Dataset items
★ ★ ★ ★ ★
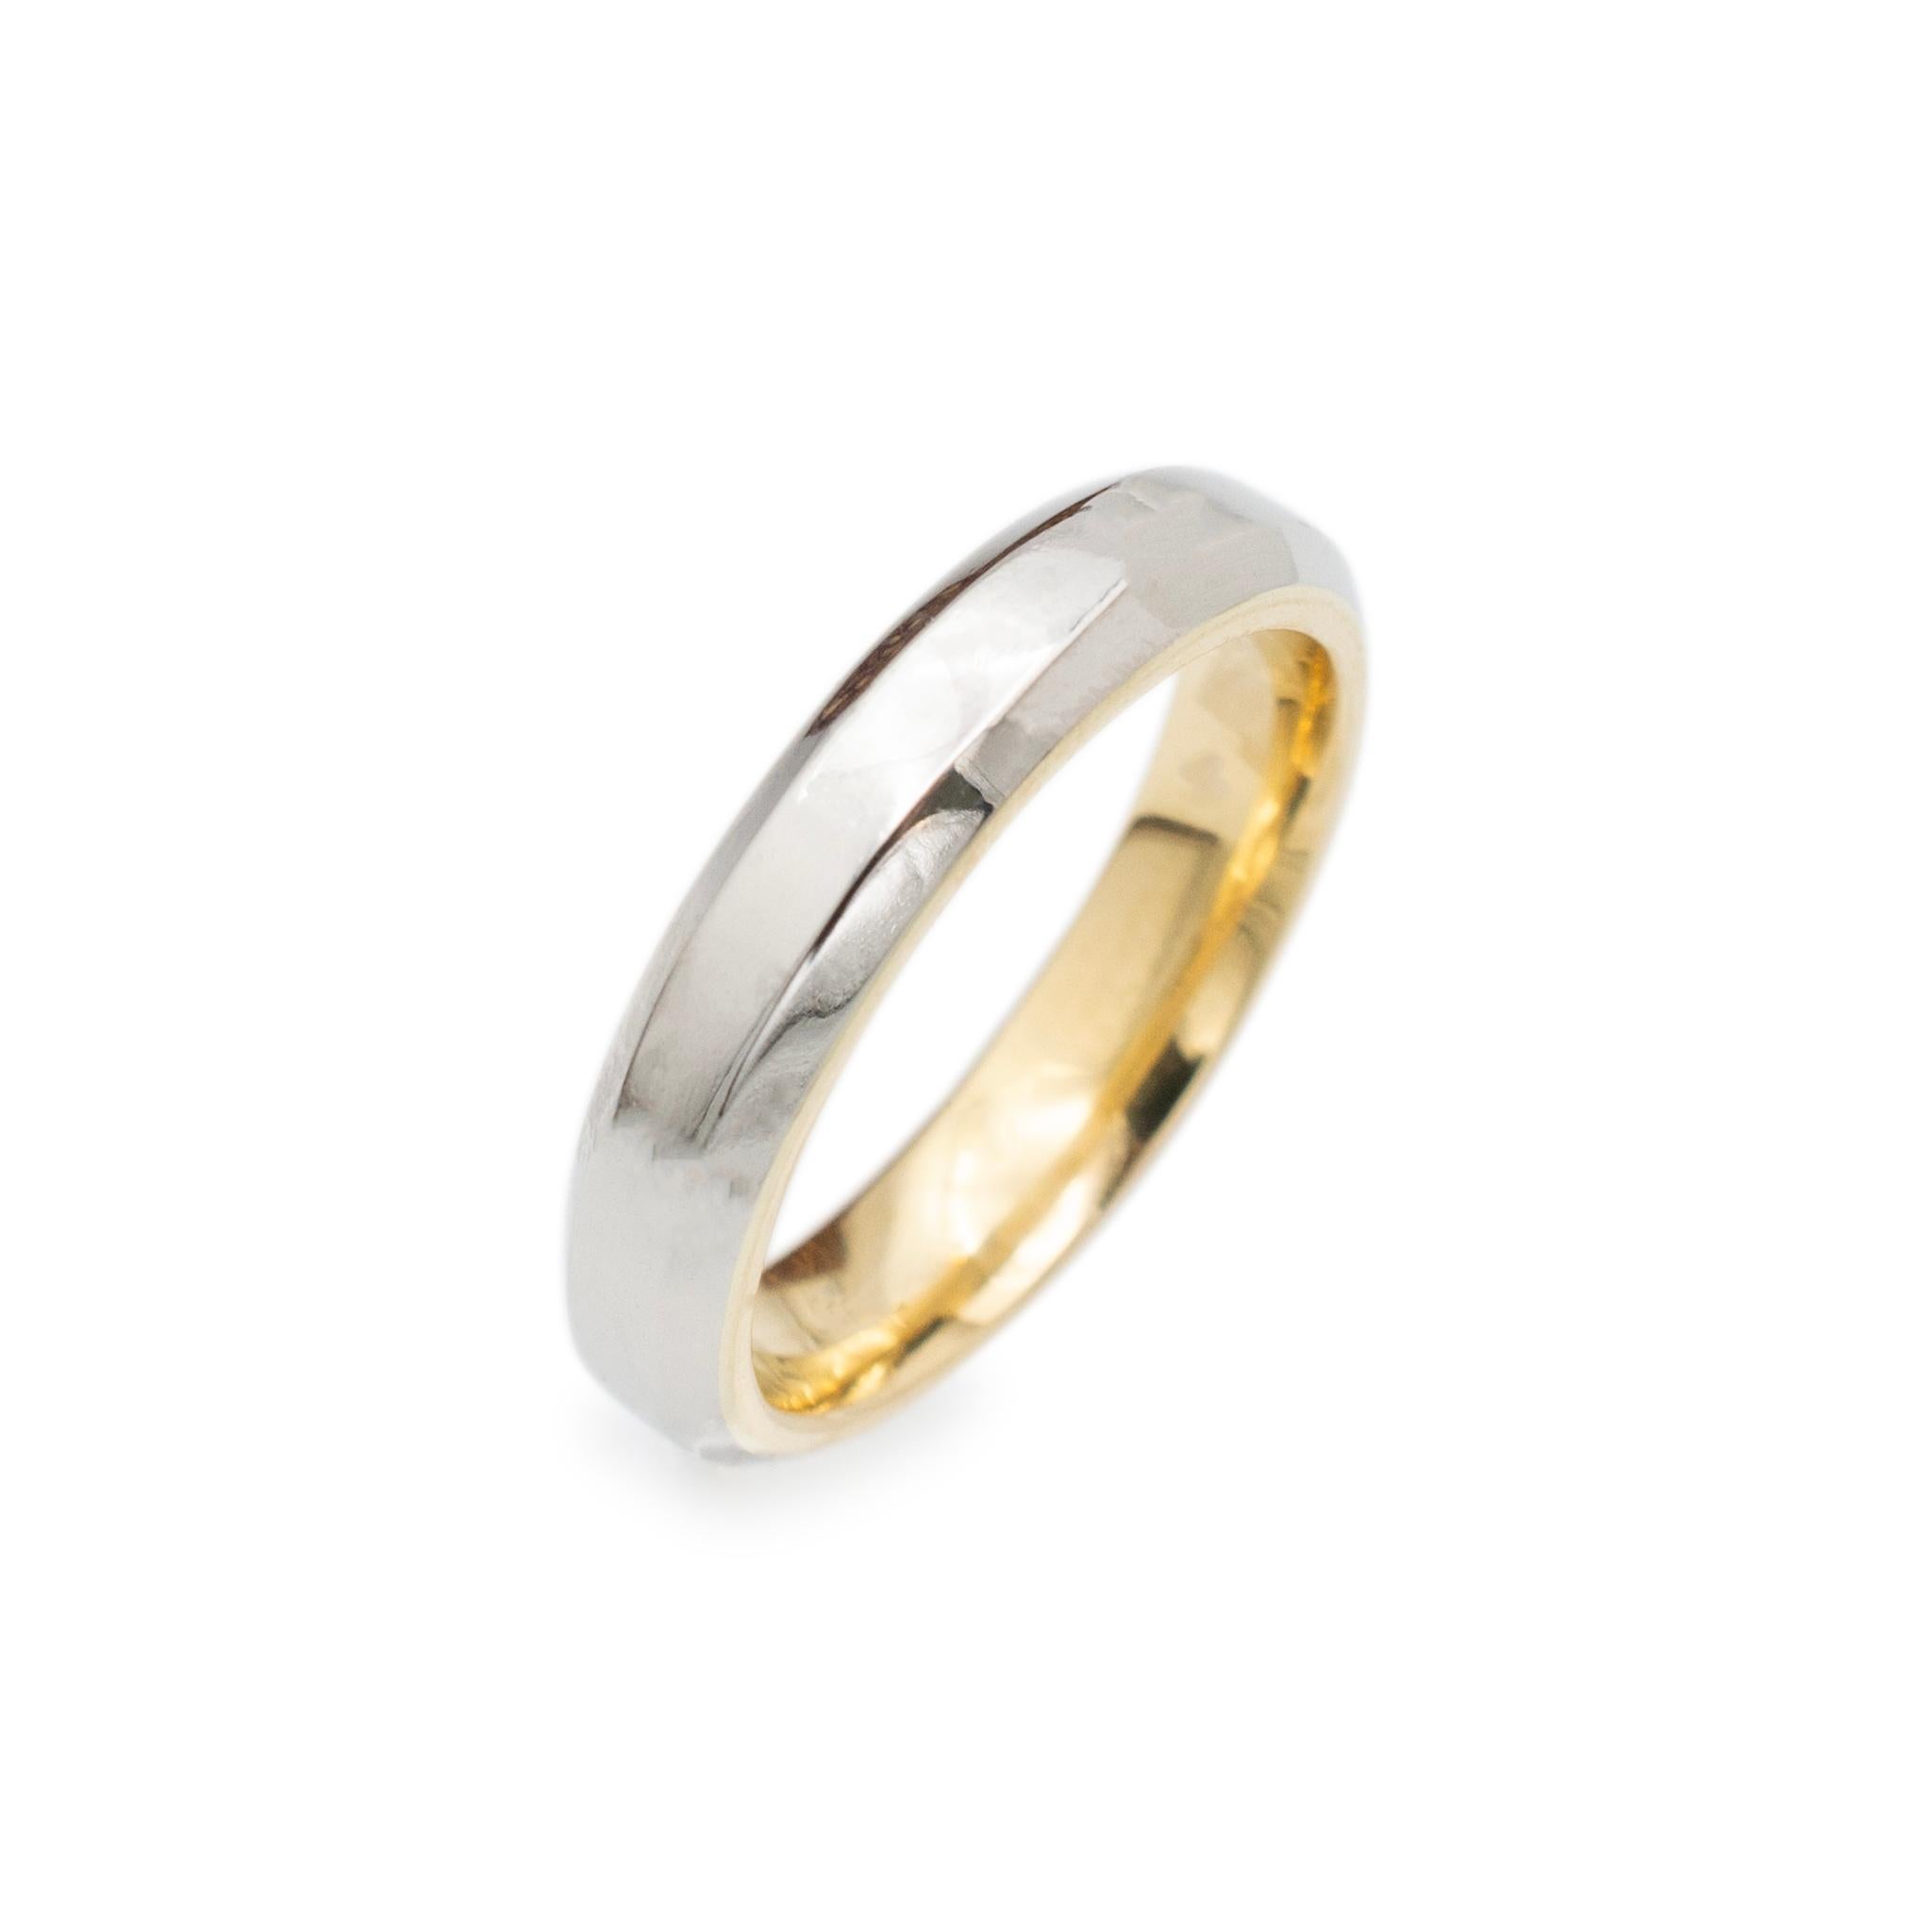 Metal Type: 18K Yellow Gold and 900 Platinum

Gender: Unisex

Size: 8

Width: 4.45 mm

Weight: 9.74 grams

18K yellow gold and 900 platinum, wedding band with a tapered, comfort-fit shank. Engraved with
★ ★ ★ ★ ★
■ ACTIVITY: Please output the line that contains "Weight: 9.74 grams" and every line after it in the entries above, exactly, and nothing more.

■ ANSWER AREA:
Weight: 9.74 grams

18K yellow gold and 900 platinum, wedding band with a tapered, comfort-fit shank. Engraved with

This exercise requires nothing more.